The morning after snorting his gekko guide, an exhausted Boba, carrying the very real branch, returns to the Tusken camp, where he loses the lizard, earns the Tusken attire (minus the sweet facemask) that he was wearing in The Mandalorian, and—in a scene reminiscent of a Jedi constructing a lightsaber or the Armorer molding Mando’s beskar—helps chisel, carve, and sand the branch into a personal, metal-reinforced gaderffii stick. The fashioning takes place next to a piece of detritus that echoes a piece of mid-1970s Ralph McQuarrie concept art.

In the final scene, Fett completes his Tusken citizenship exam by participating in a haka-esque dance around the fire with his adoptive tribe (evoking Temuera Morrison’s Maori roots). If I were the Tusken chief, I might be a bit worried about how quickly Fett has made himself at home, performed multiple unmatched feats of heroism, and taken the lead on a lot of the tribe’s big decisions. It makes sense that Fett, like Mando, feels at home among the Tuskens, a partly displaced warrior race with distinctive weapons, getups, and traditions. Unlike Mando, though, Boba has hardly belonged to anyone or anything since his dad (and his mentor Aurra Sing) died. Falling into the Great Pit of Carkoon may be the best thing that ever happened to him.
Although “The Tribes of Tatooine” runs a lot longer than the premiere, it feels shorter, a testament to the tightness and tension of its storytelling and the quality of its action. Book of Boba’s central tale is pretty tropey—it’s basically Dances With Dewbacks—but when hasn’t Star Wars been an amalgam of existing stories and styles? The success of Star Wars projects depends on execution as much as originality, and from a production standpoint, the series is clearly in capable hands.

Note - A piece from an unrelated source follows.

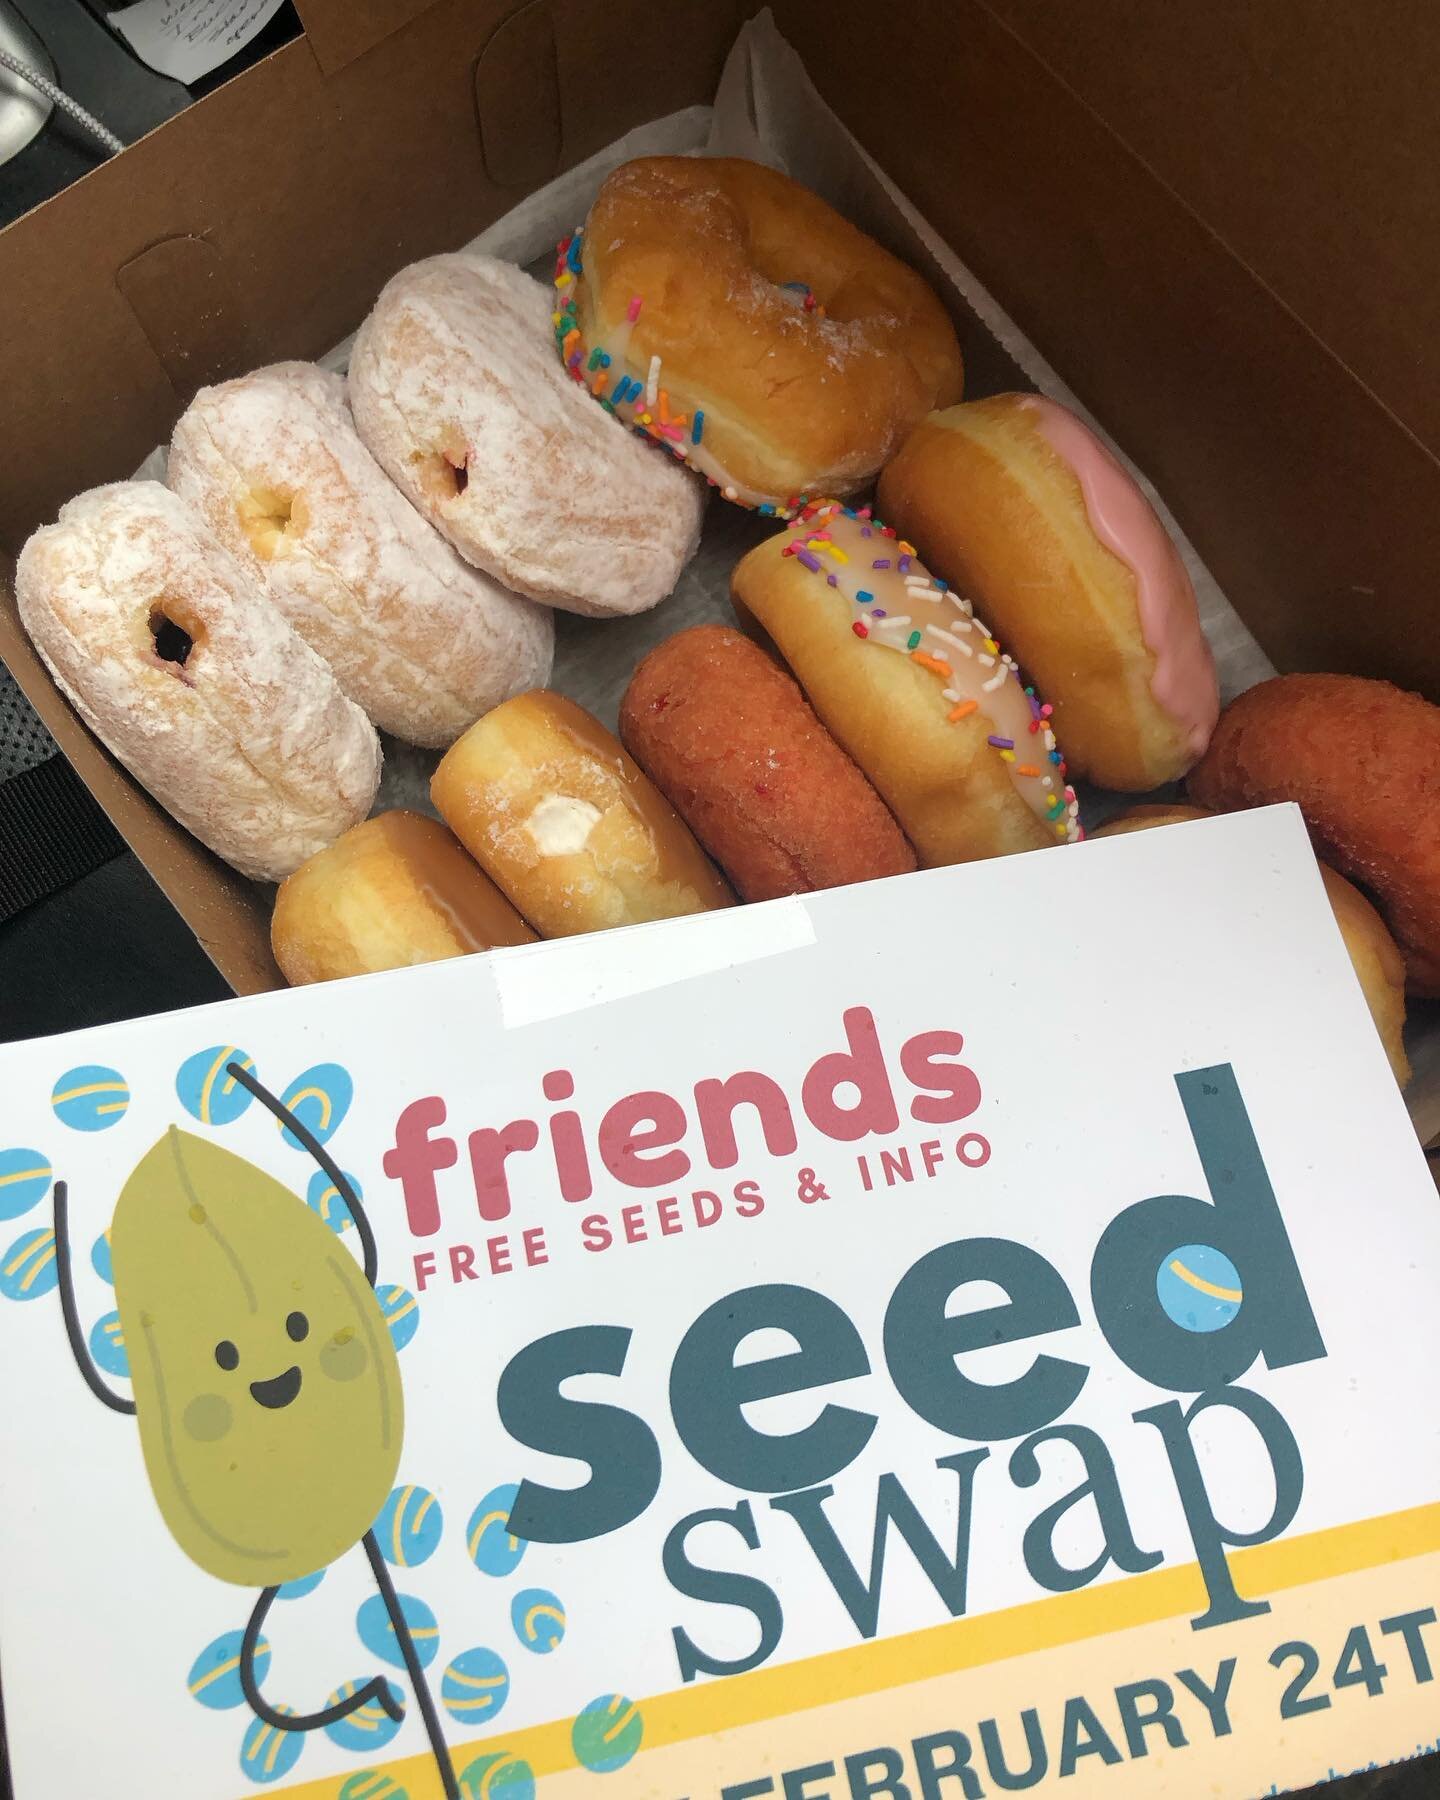 Now that&rsquo;s how you do it friend&mdash; free seeds, new friends, family owned donut shop. thanks for a great time &amp; I&rsquo;m ready to start my seeds #homesteadlife #growyourfood

Even so, the spinoff has more work ahead of it as it fights to escape The Mandalorian’s orbit and establish Boba as a character deserving of extended screen time (and Fennec, who was almost absent from this episode, as a meaningful partner in crime). The Boba we met in The Mandalorian had already left bounty hunting behind, and watching him make that transition via flashback is a little less engaging than watching Mando do the same—and catch fatherly feelings—in real time, with Grogu at his side. That said, Fett may have hidden depths. “The Tribes of Tatooine” hints at why he wants to take Jabba’s (and Bib’s) place, which initially seemed somewhat out of character given the way he was portrayed in The Mandalorian. Perhaps past Boba plans to unite the Tusken tribes of Tatooine and present Boba aspires to do the same with the syndicates, less out of desire for personal gain than out of interest in promoting harmony, order, and the greater good. Perhaps present Boba is still serving the Tuskens’ interests. But like all of us, he’s bound to keep dragging some baggage behind him as he tries to let go of the younger self who idolized his dad and intended to follow in his footsteps. In his vision, Boba’s self is still divided; maybe by the end of the season, that self will solidify, even if it means taking off the trademark armor he worked so hard to reclaim.